Itll lay em down.  No problem at all.


----------



## Big7 (May 13, 2013)

NOT ME! A big sow and that pea-shooter + some baby's and you on the ground = BAD DAY for you!


----------



## JWilson (May 17, 2013)

Big 7 what's that got to do with anything. I dout a bow would stop a charging hog but tons of people hunt hog with them.  I have killed a good many hogs with 22 mags and 17 hmr rifles but not a pistol that is why I asked the question about the handgun.


----------



## Theodore981 (May 19, 2013)

Very adequate round, with parameters.

Questions are:

Can you hit a hog at range, behind the ear (that's a what...1/2" - 1-1/2" quickly moving target)

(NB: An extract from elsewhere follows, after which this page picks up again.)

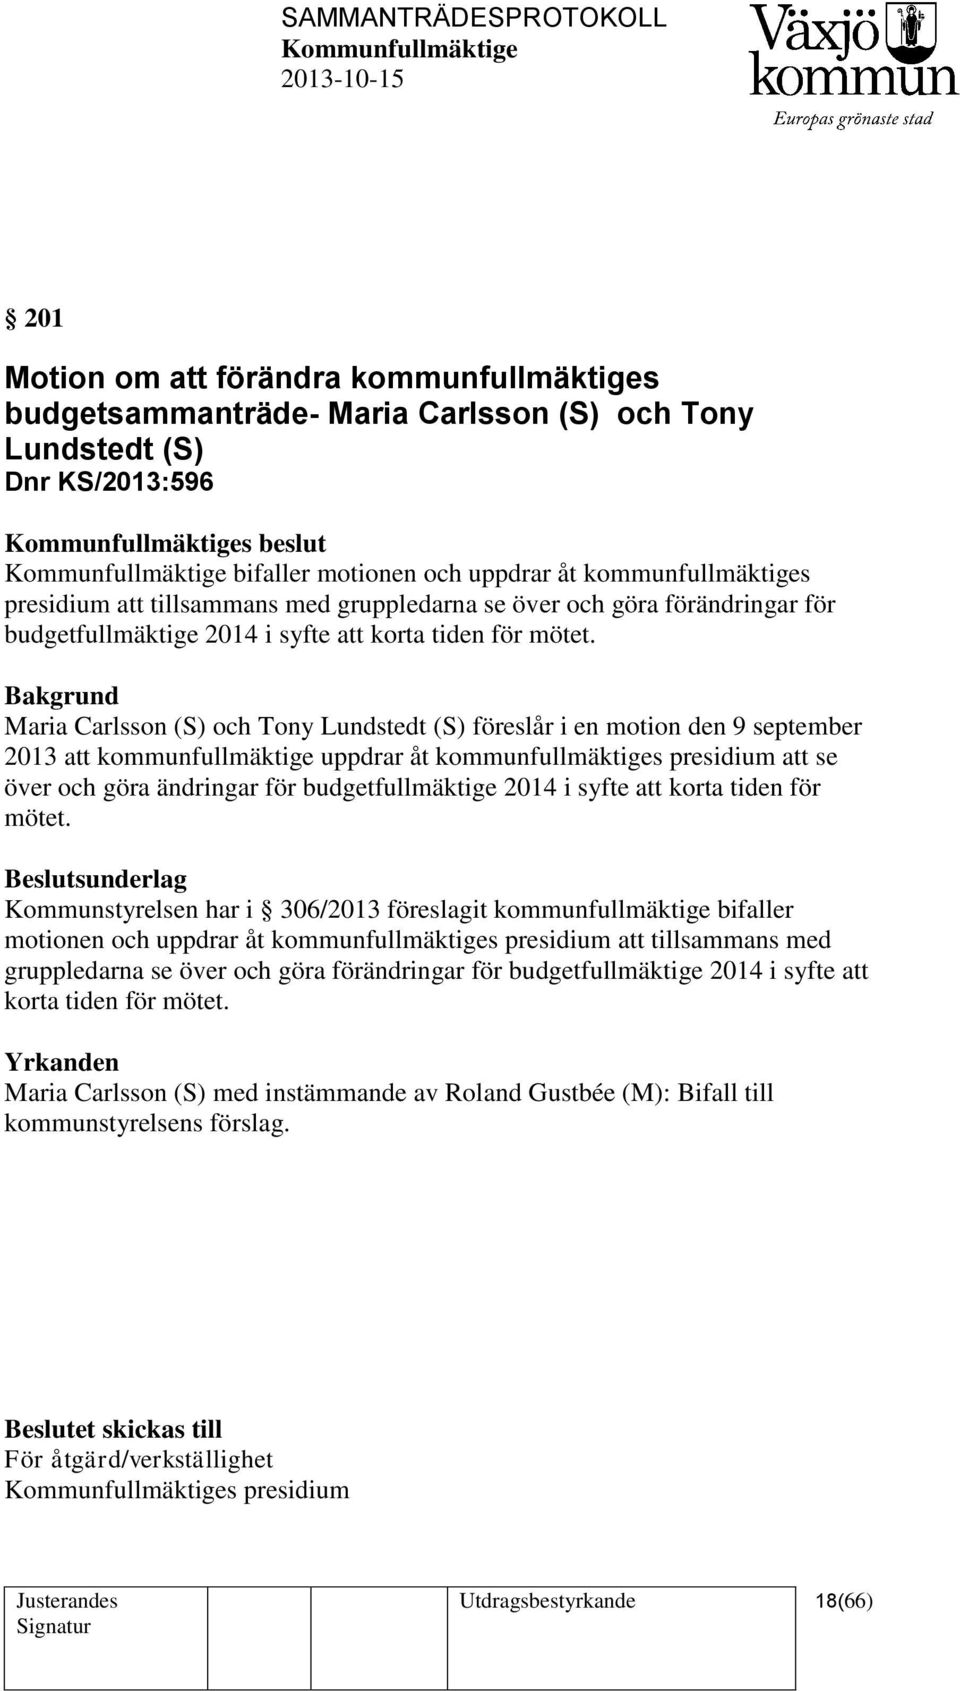 Maria Carlsson (S) och Tony Lundstedt (S) föreslår i en motion den 9 september 2013 att kommunfullmäktige uppdrar åt kommunfullmäktiges presidium att se över och göra ändringar för budgetfullmäktige

Can you stop a charging hog with 1 or 2 shots to the chest (that'a ALL you're gonna get on a charging animal, and very quickly aimed).

Me, I wouldn't trust the tool for the task.  I want to be able to seriously thump some heavy lead into my quarry.

Not talking about a defensive survival shot here.  Talking about intentionally hunting, for meat.  Big difference there.

Your quarry deserves your best, no matter what it is.


----------



## buckeroo (May 20, 2013)

17HMR is an absolutely devastating round for hogs. I cant speak personally for the pistol aspect, but I can for a rifle. a 17 will destroy a hog. 

My last two hogs were taken with my 17 at 80 and 90 yards. They hit the ground and didnt move.


----------



## panhead501 (May 31, 2013)

A pistol, especially a revolver, will not have the velocity that the rifles have.  I would think this would make a difference at the longer yardages.


----------



## LanceColeman (Jun 1, 2013)

panhead501 said:


> A pistol, especially a revolver, will not have the velocity that the rifles have.  I would think this would make a difference at the longer yardages.



And the primary devastation provided by the 17HMR round can be attributed to it's VELOCITY. Therefore you sir are talking in the right direction as far as where issues are going to come from.


----------



## JWilson (Jul 20, 2013)

Well 25 more days till I find out if the pistol will cut the mustard. I will keep y'all posted.


----------



## rosewood (Jul 20, 2013)

A .17hmr is a varmint round, it is designed to kill ground hogs and the like, not wild hogs.  Sure it may work, but it is going to take a well placed shot.  I shot a 150lb boar hog with a .357 mag rifle, hit him 3 times, at 50 yards, about 30 and 10 before he finally stayed down.  All were kill shots, he just kept coming.  I would venture to say at 80 yards, a skull shot might not even penetrate.  I have also shot them with a .22 mag at point blank range in the trap and them not go down on the 1st shot.


----------



## turhntng (Aug 7, 2013)

I would not try to shoot a hog with a 17hmr.  I have rifle and it is great for what it is but it would not be my first or second choice for a hog.


----------